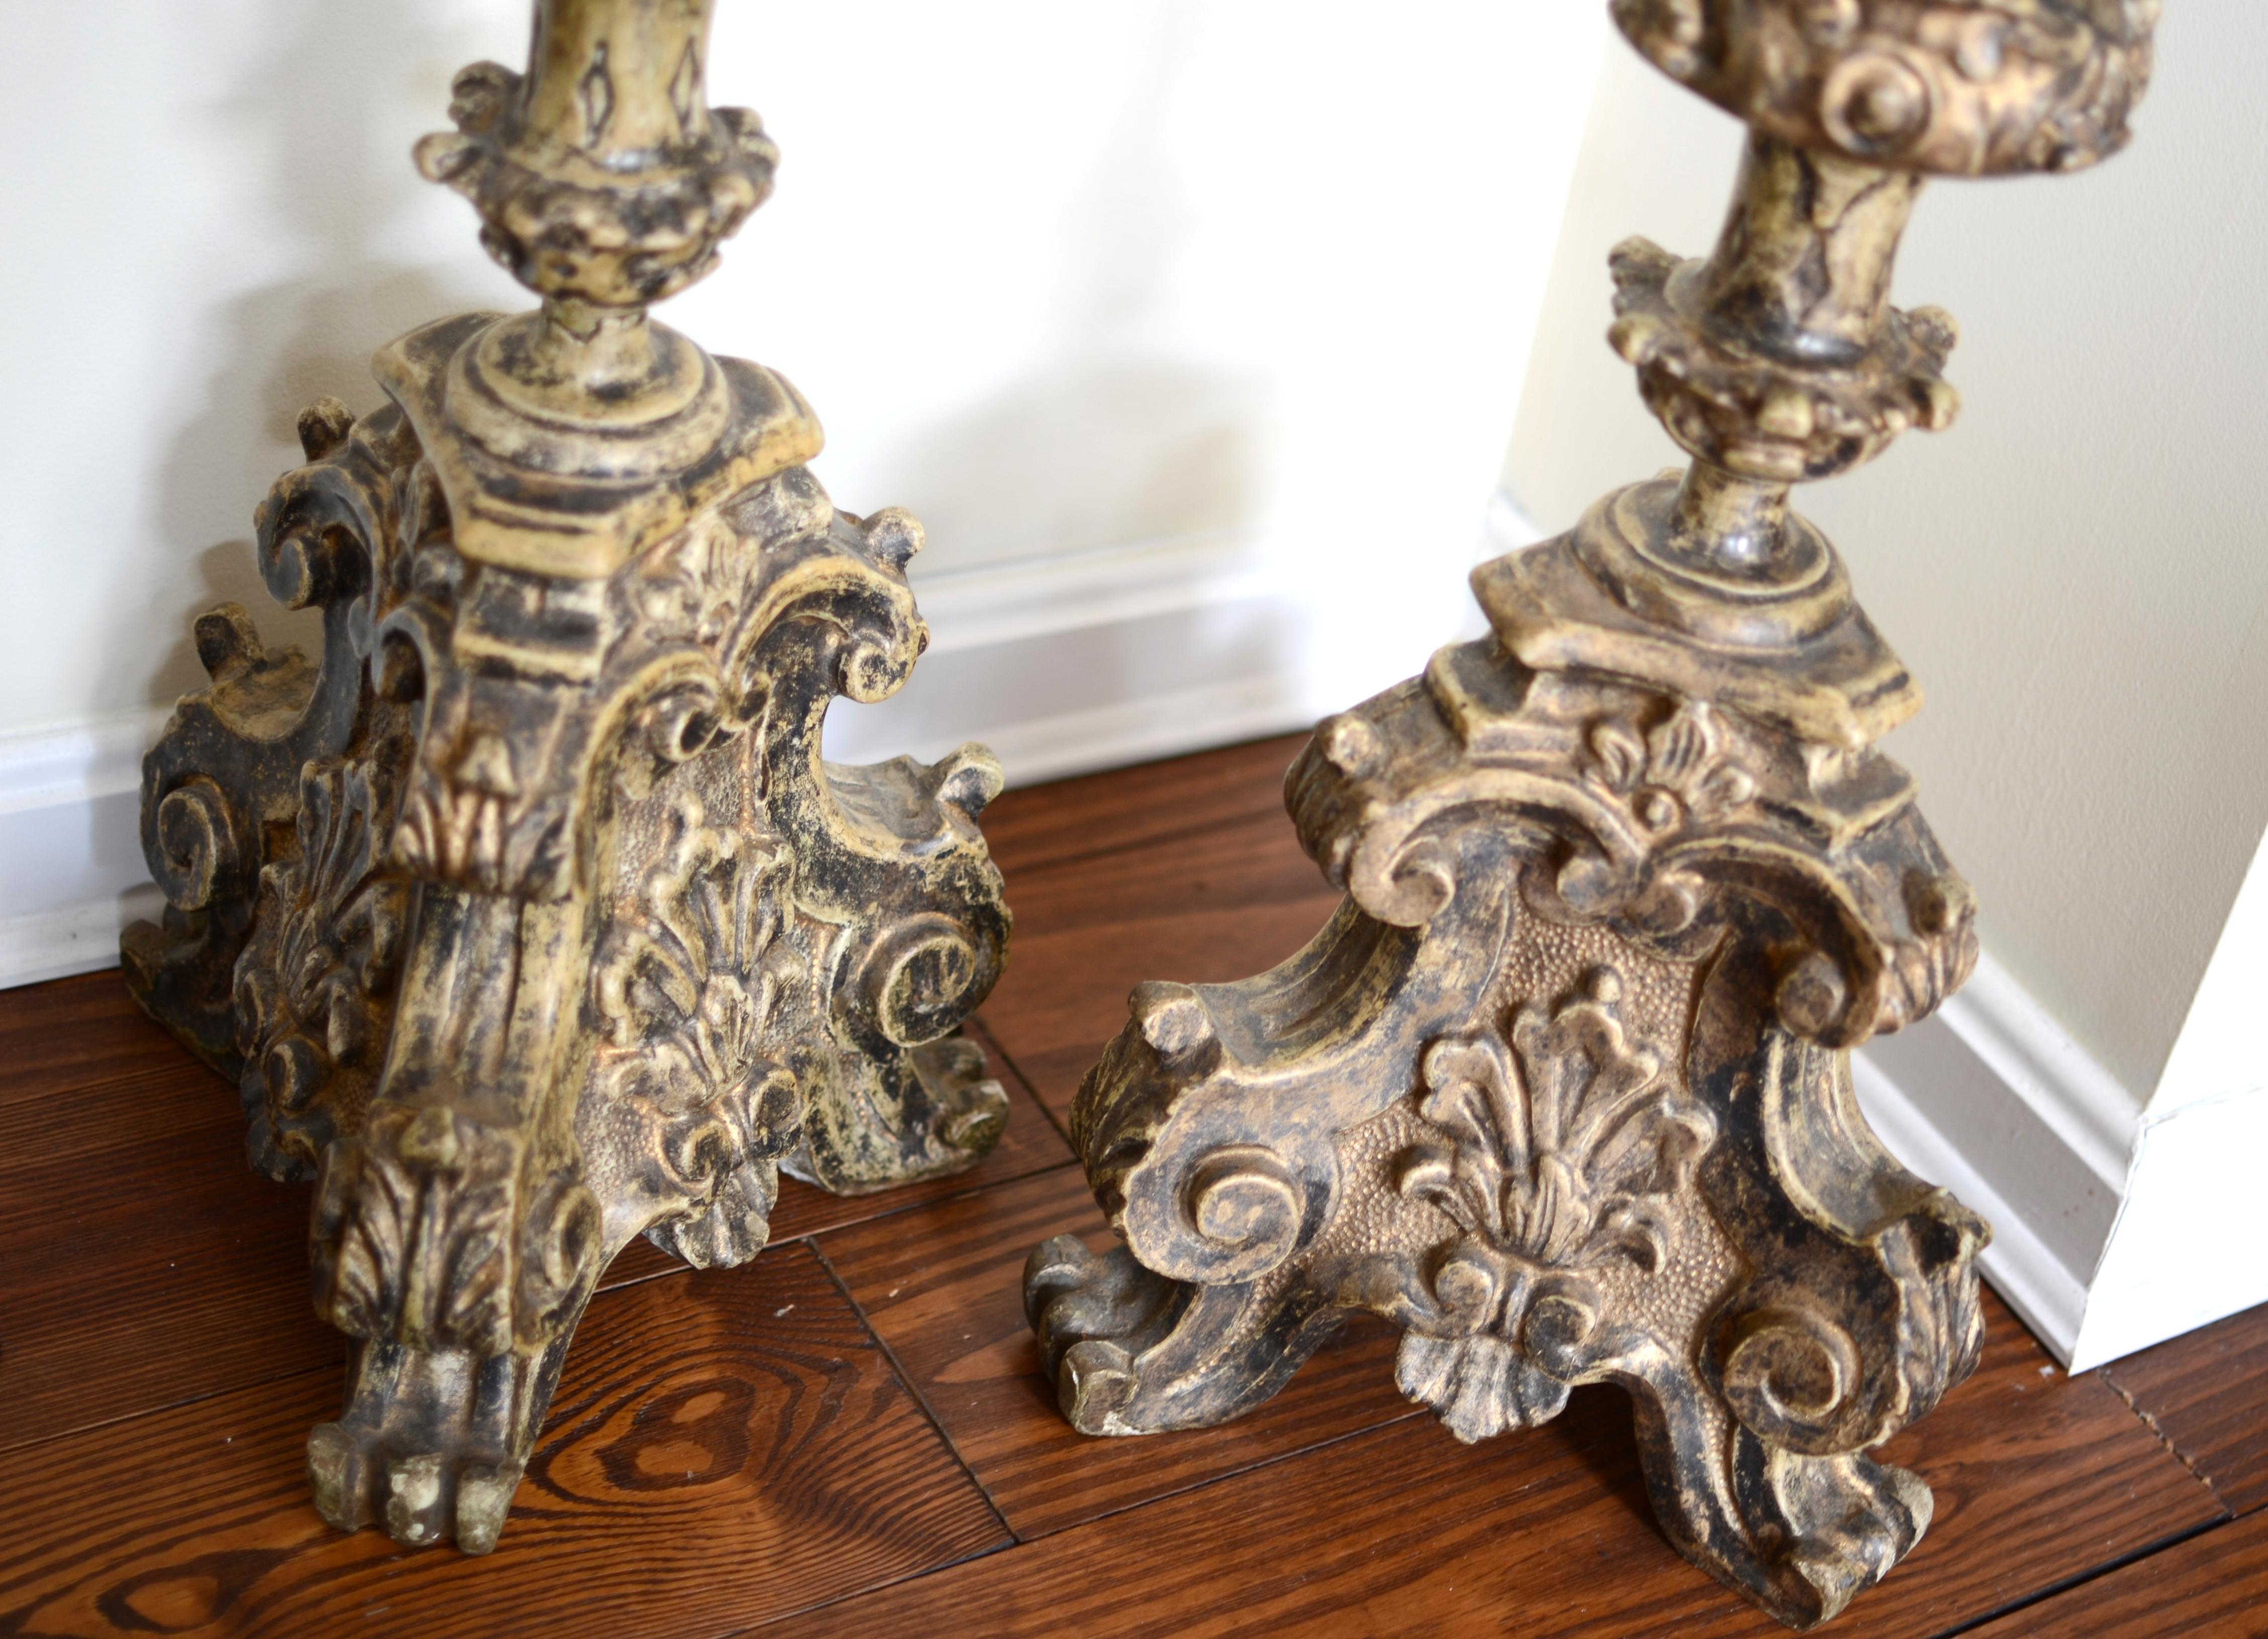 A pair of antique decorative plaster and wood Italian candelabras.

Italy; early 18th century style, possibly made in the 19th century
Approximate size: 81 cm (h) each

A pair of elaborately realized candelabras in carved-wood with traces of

# Task description
Which lines run from the one containing "Approximate size: 81 cm (h) each" through the end of the material? Output them exactly.

# Response to this task
Approximate size: 81 cm (h) each

A pair of elaborately realized candelabras in carved-wood with traces of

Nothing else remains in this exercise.